Therefore, according to Hebrew and Arabic authorities, the ’Arabah and Ghôr form one line from the Lebanon to the Red Sea.

2. The Book of Job takes cognisance of the

river Jordan, and describes river scenery in the land of Edom, i.e., south of the Dead Sea.

3. No lake existed in that locality before the catastrophe of Sodom, although a river may have traversed it. This I deduce from the march of the army of Chedorlaomer, shortly previous to that catastrophe, (Gen. xiv.) After the taking of Seir and Paran, he crossed the valley to Hazezon-Tamar, which is Engedi, (2 Chron. xx. 2,) and the confederates were met by the kings of the plain in the vale of Siddim. And I have heretofore shown that this is utterly impossible to be done with the present lake in the way. The words, therefore, of Gen. xiv. 3 obviously signify, as given in the Latin Vulgate and in Luther’s German, “the vale of Siddim, which is now the Salt Sea.”

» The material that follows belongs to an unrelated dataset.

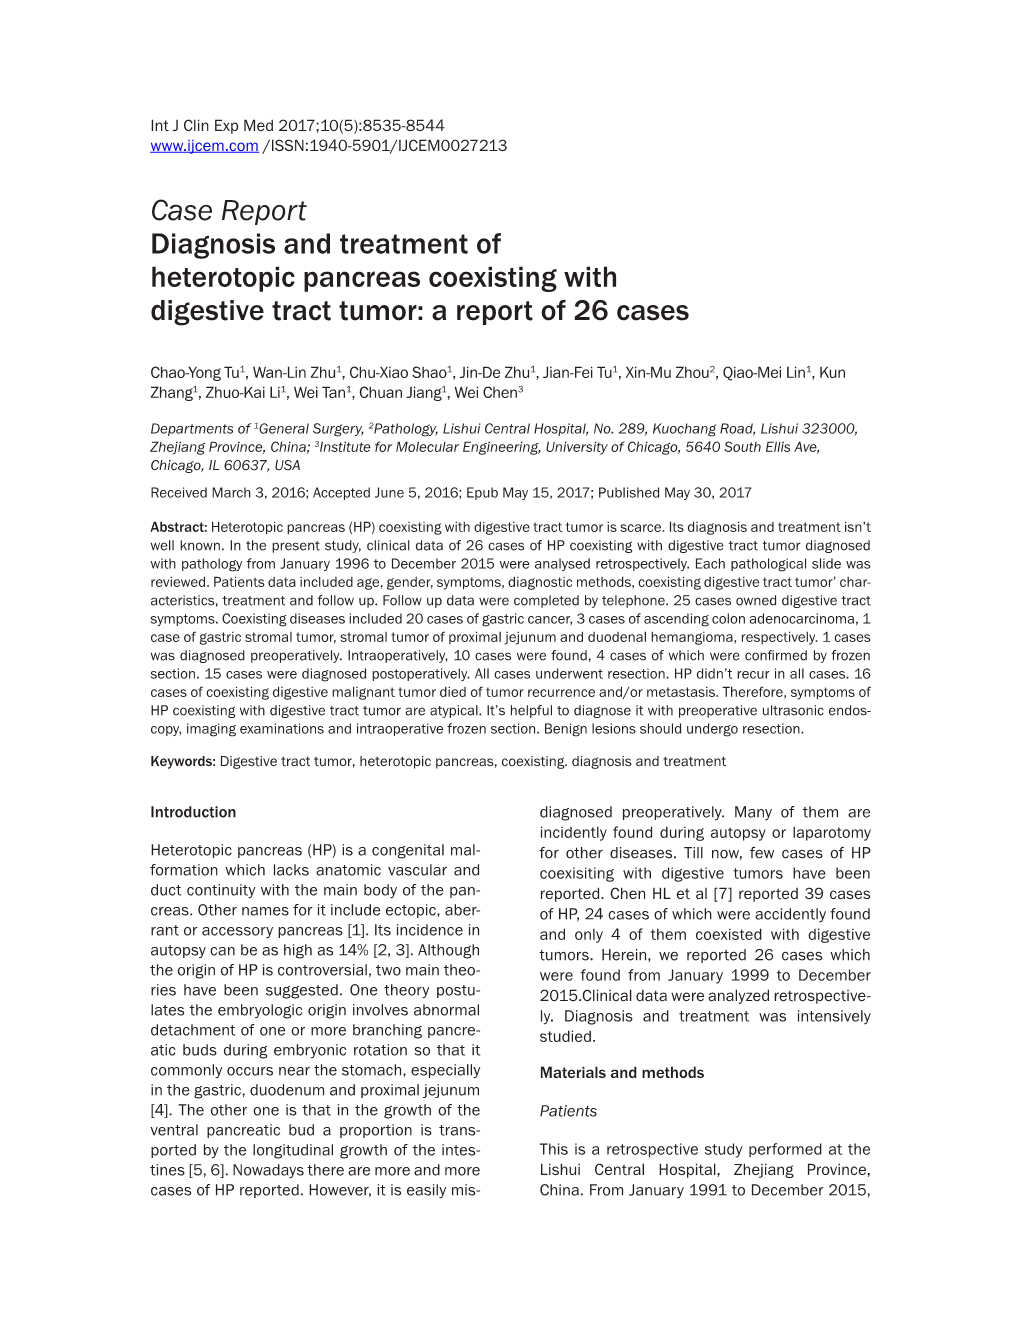 Case Report Diagnosis and Treatment of Heterotopic Pancreas Coexisting with Digestive Tract Tumor: a Report of 26 Cases

The inference from all these points is, that between the time of Chedorlaomer and Moses, some tellural convulsions took place which impeded the course of the river towards the Dead Sea, and thereby formed the present lake. There is no mention of a river in the lower ’Arabah during the wanderings of the Israelites under the leading of Moses.

It is another matter to discuss whether the overthrow of the guilty cities of Sodom and Gomorrah is connected with that convulsion of nature, with or without miracle, which formed the depression of the great valley; yet it is remarkable that the deepest part of the lake is at the spot which

tradition has always pointed out for the site of those cities, and nigh to the salt mountain, which still bears the name of Sodom.

To this spot the slopes both ways tend, and there they meet. Calculating the whole line of depression, as Petermann does, at 190 miles, the slope from the north, i.e., from the “Bridge of the daughters of Jacob,” near Safed, is comparatively gradual for 140 miles; and that from the south, i.e., from the elevation in the southern ’Arabah, where the level meets again from the north, is more precipitous for 50 miles. Action and reaction being equal in natural effects, the rapid declivity in the shorter distance is equal to the more gradual declivity in the longer measure.

But that centre of seismal action is taken for the site of Sodom—hence the site of the destruction of Sodom and the starting point of earthquake are the same. The record of the destruction is, therefore, the record of some dreadful convulsion capable of stopping the Jordan, so as to form a lake there; and the only adequate cause in nature assigned by geologists for such a depression, is earthquake accompanied by volcanic action.

While on the subject of possible depression of the Jordan bed, I may mention an indication which I have often pointed out to others, namely, the remarkable ledge traceable along the face of the Moab mountains at a considerable height, as seen from the neighbourhood of Jerusalem.